In 1984, O'Brien embarked on an annual series of "Christmas Music" events in Dublin's National Concert Hall. Initially for one performance, due to popular demand this was extended to a second from 1988.

The formation of the RTÉ Philharmonic Choir in 1984 meant a reduction in St. James's work for RTÉ, but allowed O'Brien to direct his own concerts in the National Concert Hall. These included Dvořák's Stabat Mater (1986), Verdi's Requiem (1987), Gounod's Messe Solennelle (1989), Handel's Messiah (1990) and Berlioz's Te Deum (1991), this with Stuart Burrows as soloist.

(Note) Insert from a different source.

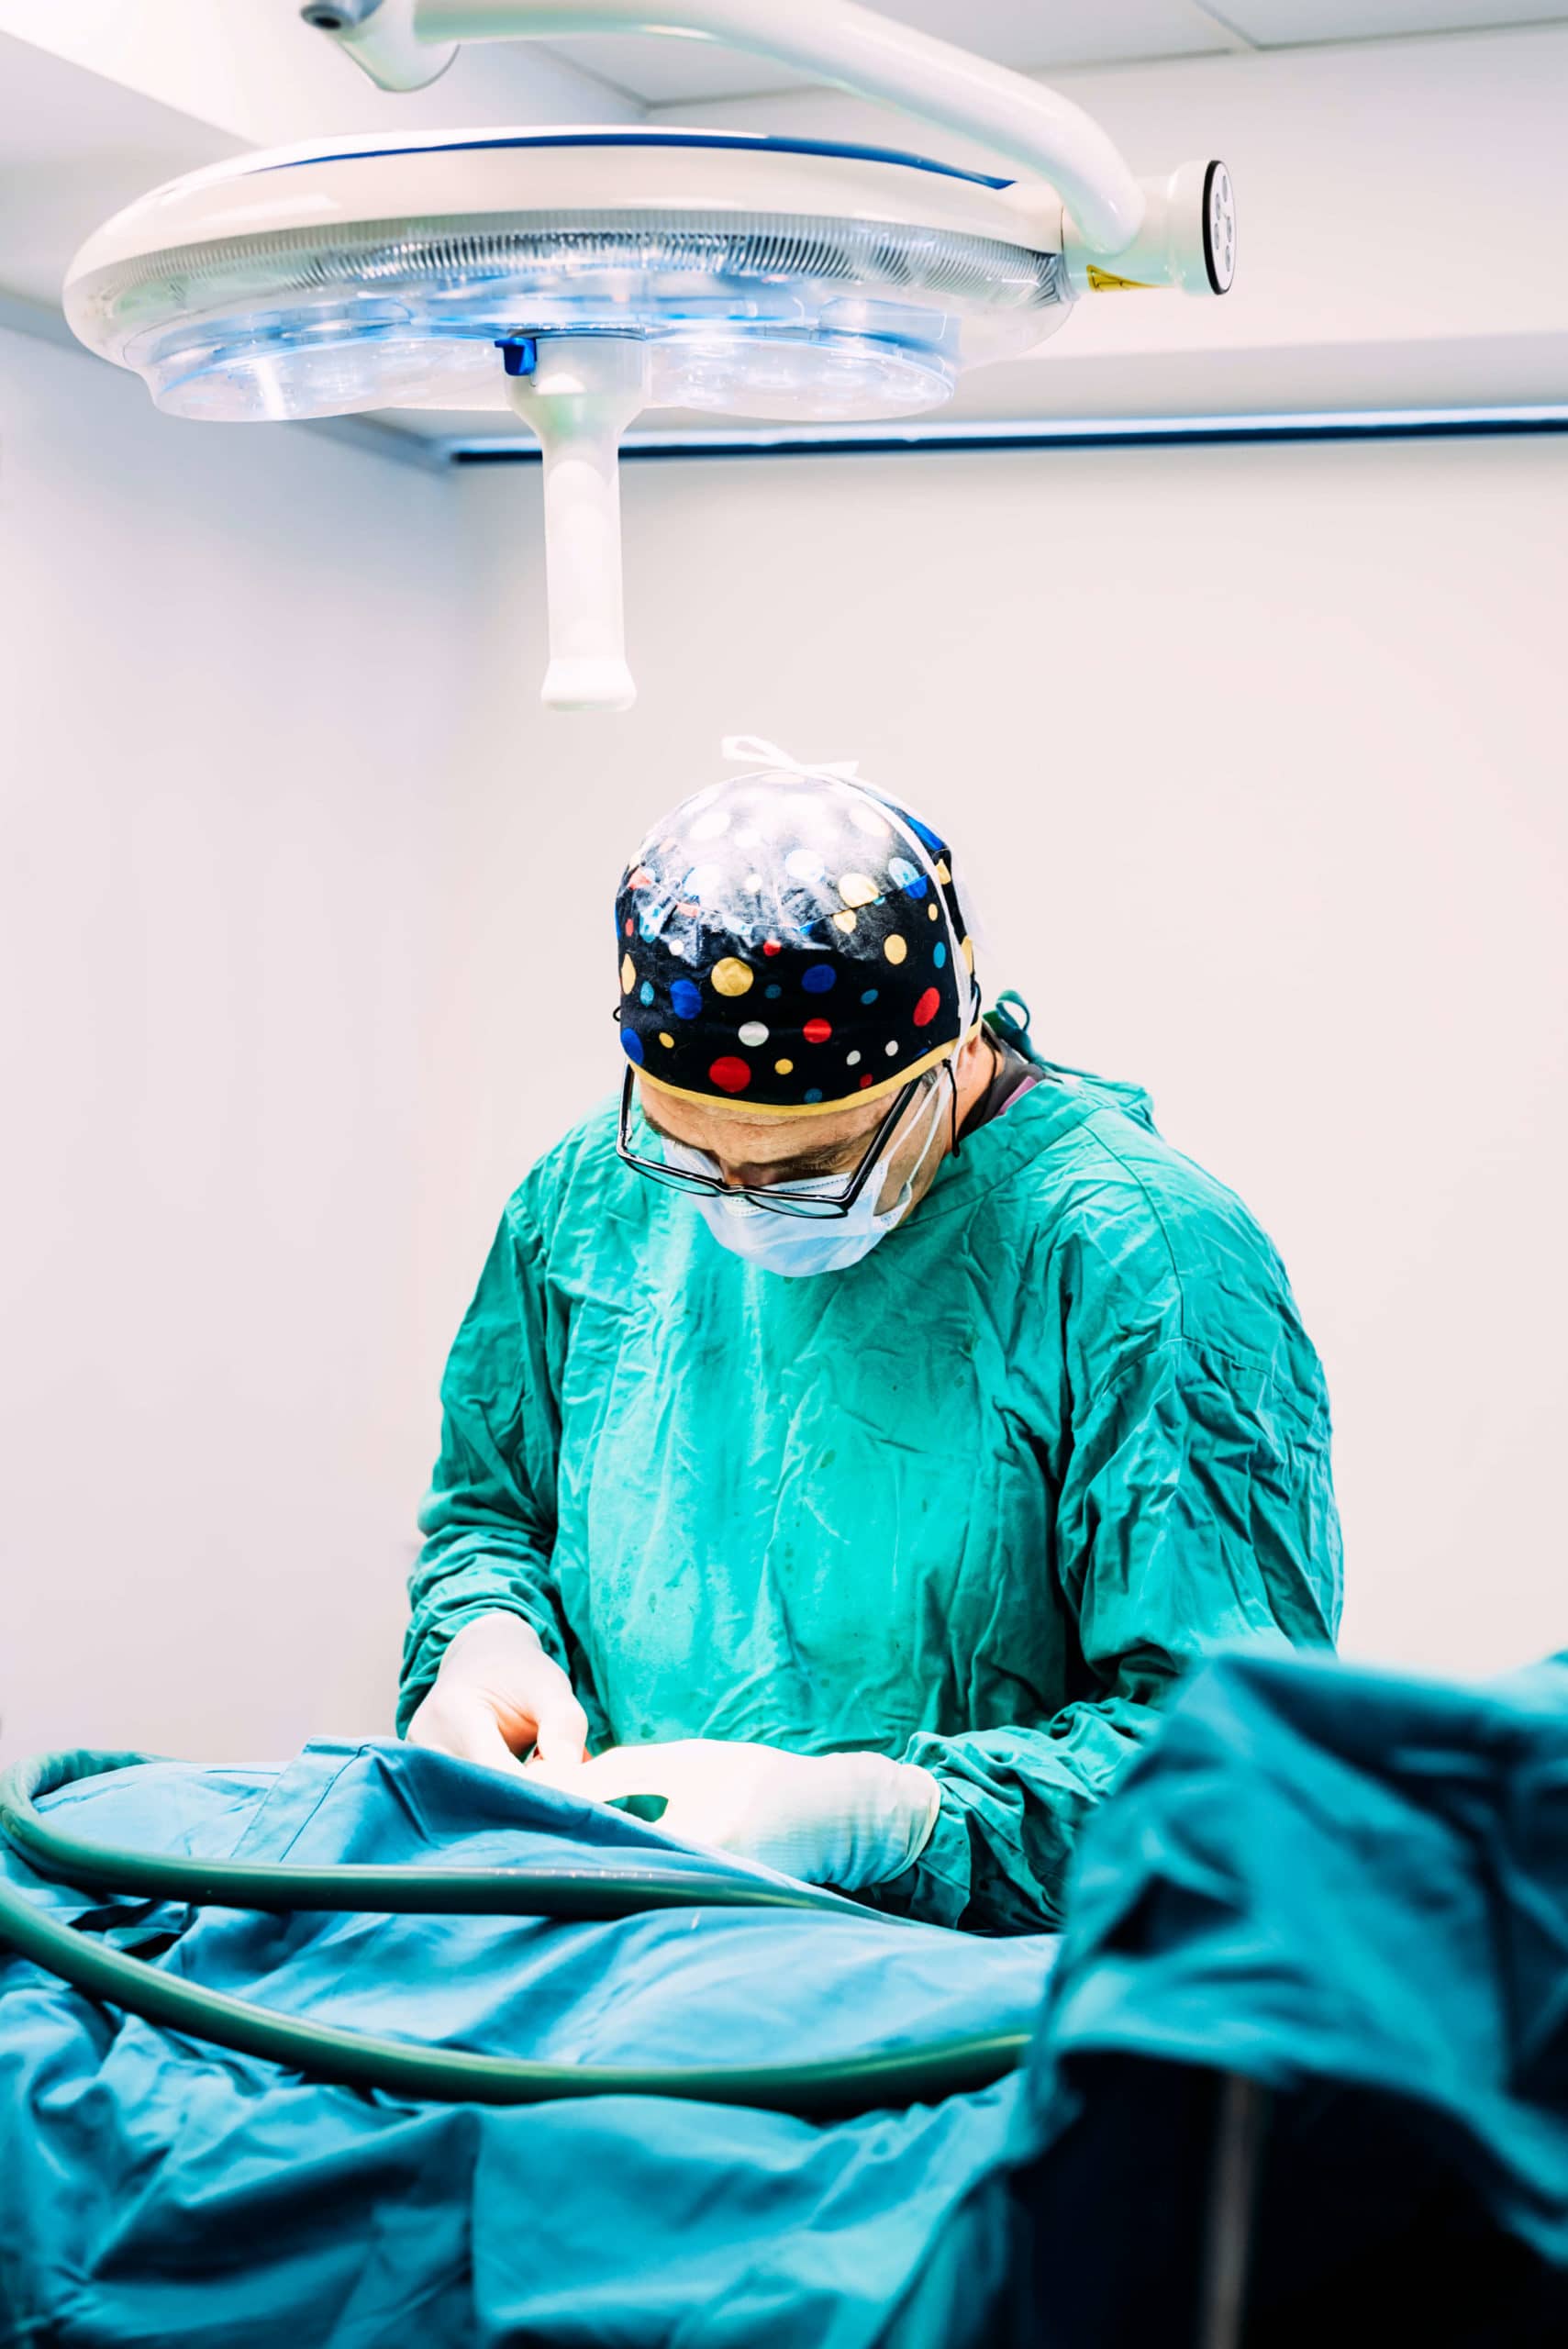 Surgeon Operating In A Hospital

===Health problems and death===
O'Brien suffered ill health throughout his life. He had two bouts of pneumonia before he was five years old, and while training for the priesthood at Clonliffe College, he spent three of his seven Christmases in hospital. He suffered regular heart attacks and two strokes since 1990, which forced him to abandon the preparation and performances of major musical works. His health problems also forced him to early retirement from active ministry in 1996.

On 6 January 2008, after taking part at a mass in St. Canice's Church, Finglas (where he was formerly parish priest), John O'Brien returned home and died peacefully, aged 76.